Letter: Special day in Carbondale
It may not have been a typical day on Main Street Carbondale, but three unrelated events which took place this afternoon (May 3) made me especially proud to be living in this small western community.
I had taken the short drive from my home to downtown for the 5:30 movie and found Main Street crowded by hundreds of festive people wearing clothes of many bright colors. It was the Gay Pride parade, very well-attended by people of all ages, although mostly youths and families.
Street barriers go up the First Friday of each month enabling people with strollers and dogs, and kids on skateboards, to enjoy the shopping, food, music and laughter without traffic concerns. You could see real pride in the marchers, both for their beliefs and for the community’s support.
When it was time for the movie I reluctantly left the street and entered the Crystal Theater, a local institution in itself. The documentary film (“Whitewashed”) described the country’s efforts to destroy Native American cultures by forcibly separating children as young as 5 from their families and sending them to boarding schools, where they were denied their native languages, songs, dance, appearance and history.

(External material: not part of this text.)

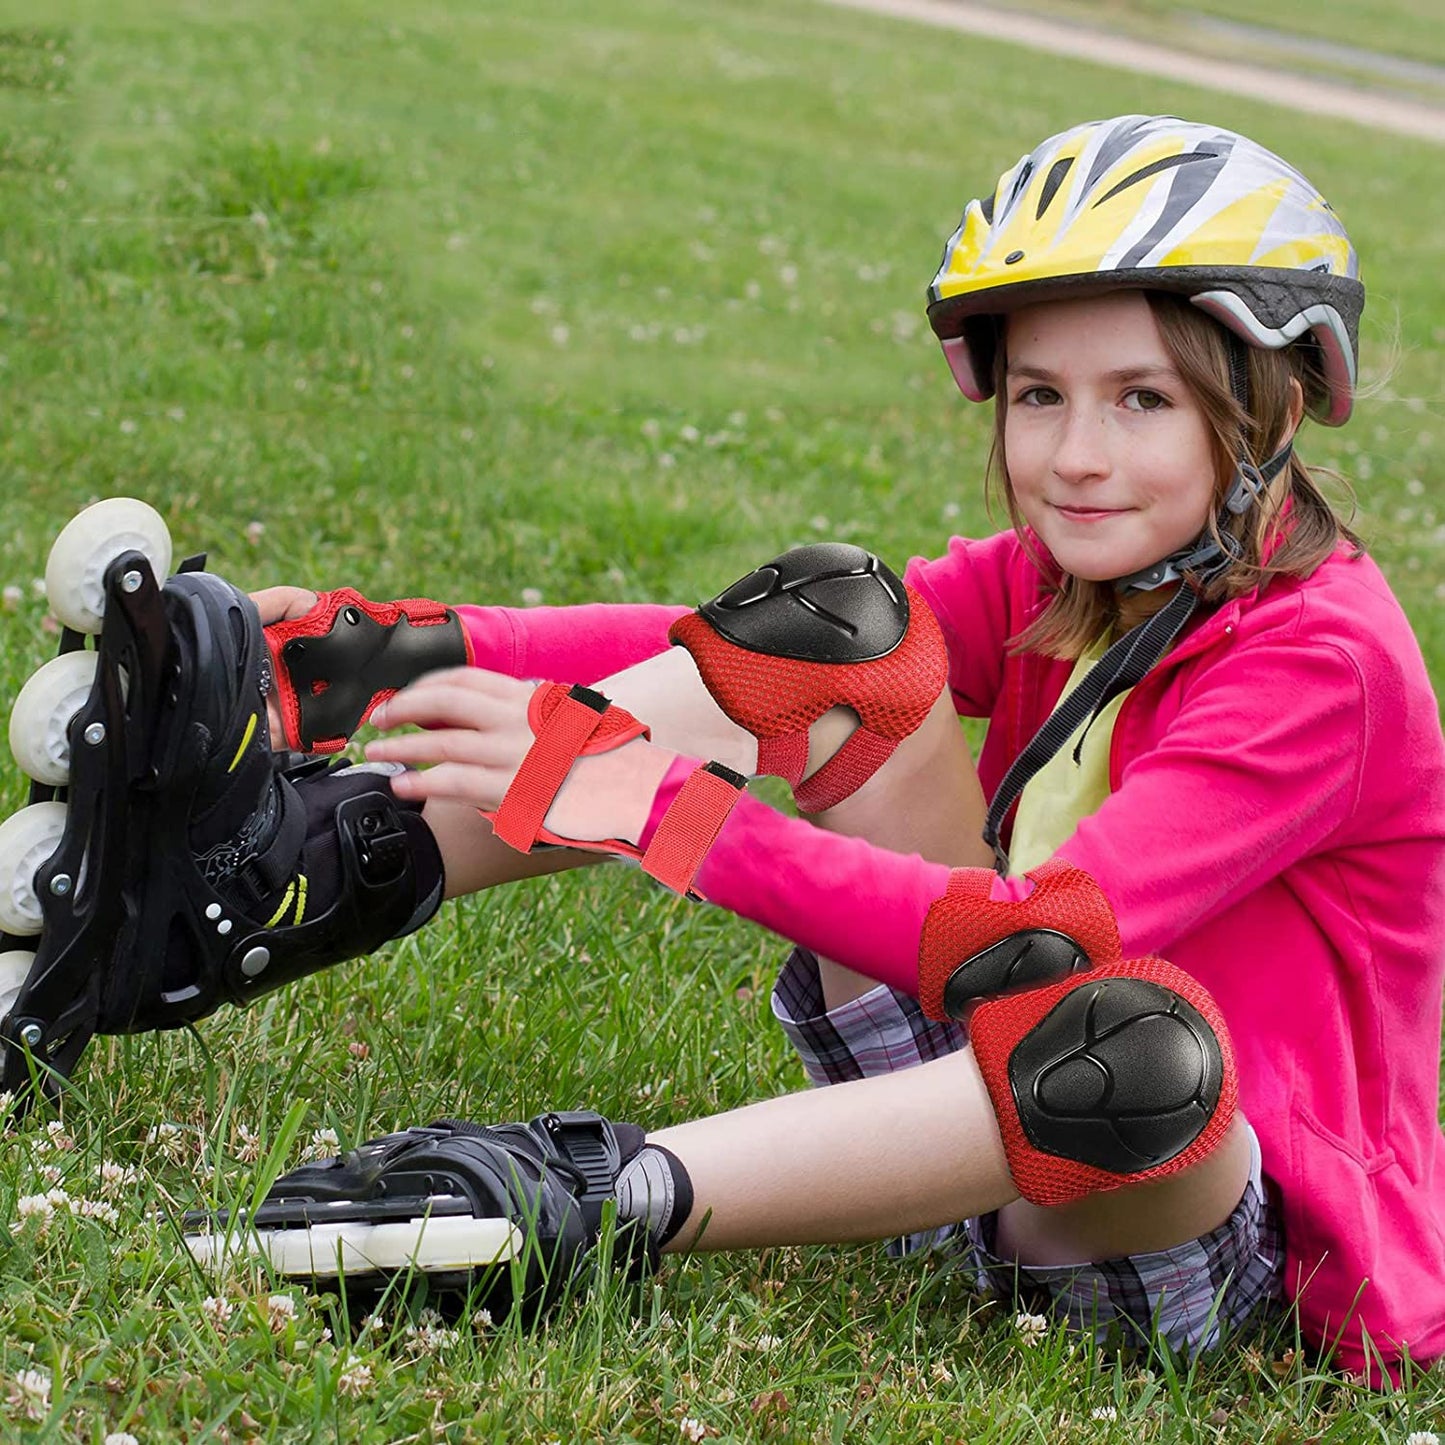 مجموعة حماية الركبة و الكوع و المعصم اثناء النشاطات الرياضية - لون اسود - مقاس صغير للاطفال
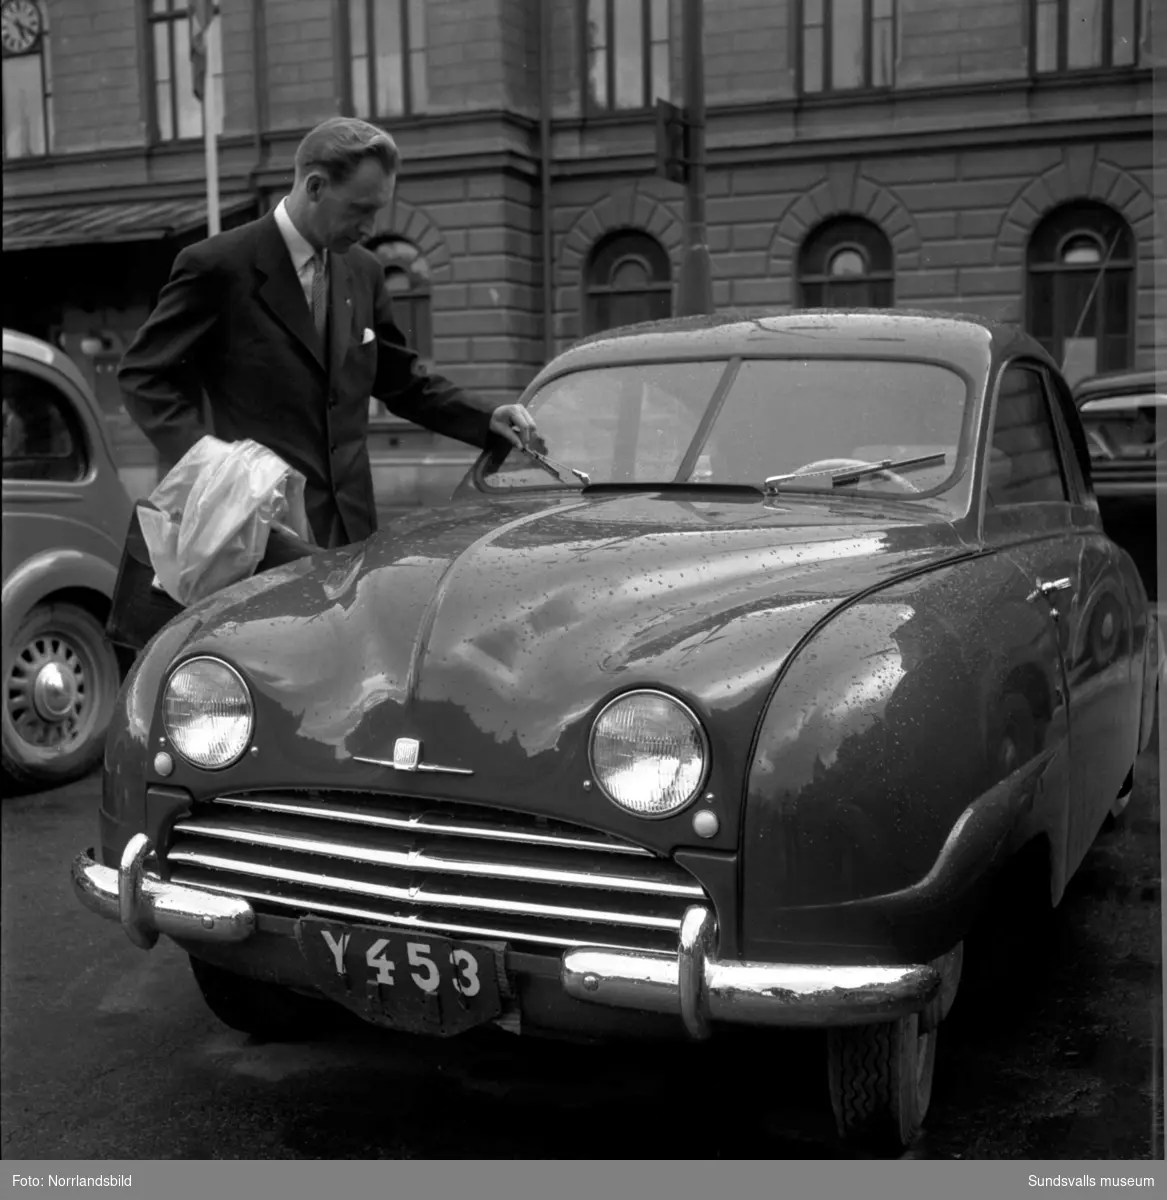 En man bredvid en Saab med registreringsnummer Y453 utanför Stadshuset.

Powerfully, the film’s clearly stated objective was not to induce guilt, but rather to tell the painful truth, so long hidden.
I’m writing this letter because today I participated in the America that I most love, and I was touched by the experience. I feel deeply that the significance of these three events happening together should not be overlooked as just another day, but a special one.
People sometimes say that they want to read happy news in place of what has been done to whom, but that just doesn’t sell. Well, today I was privileged to be a part of the other, and it made me happy.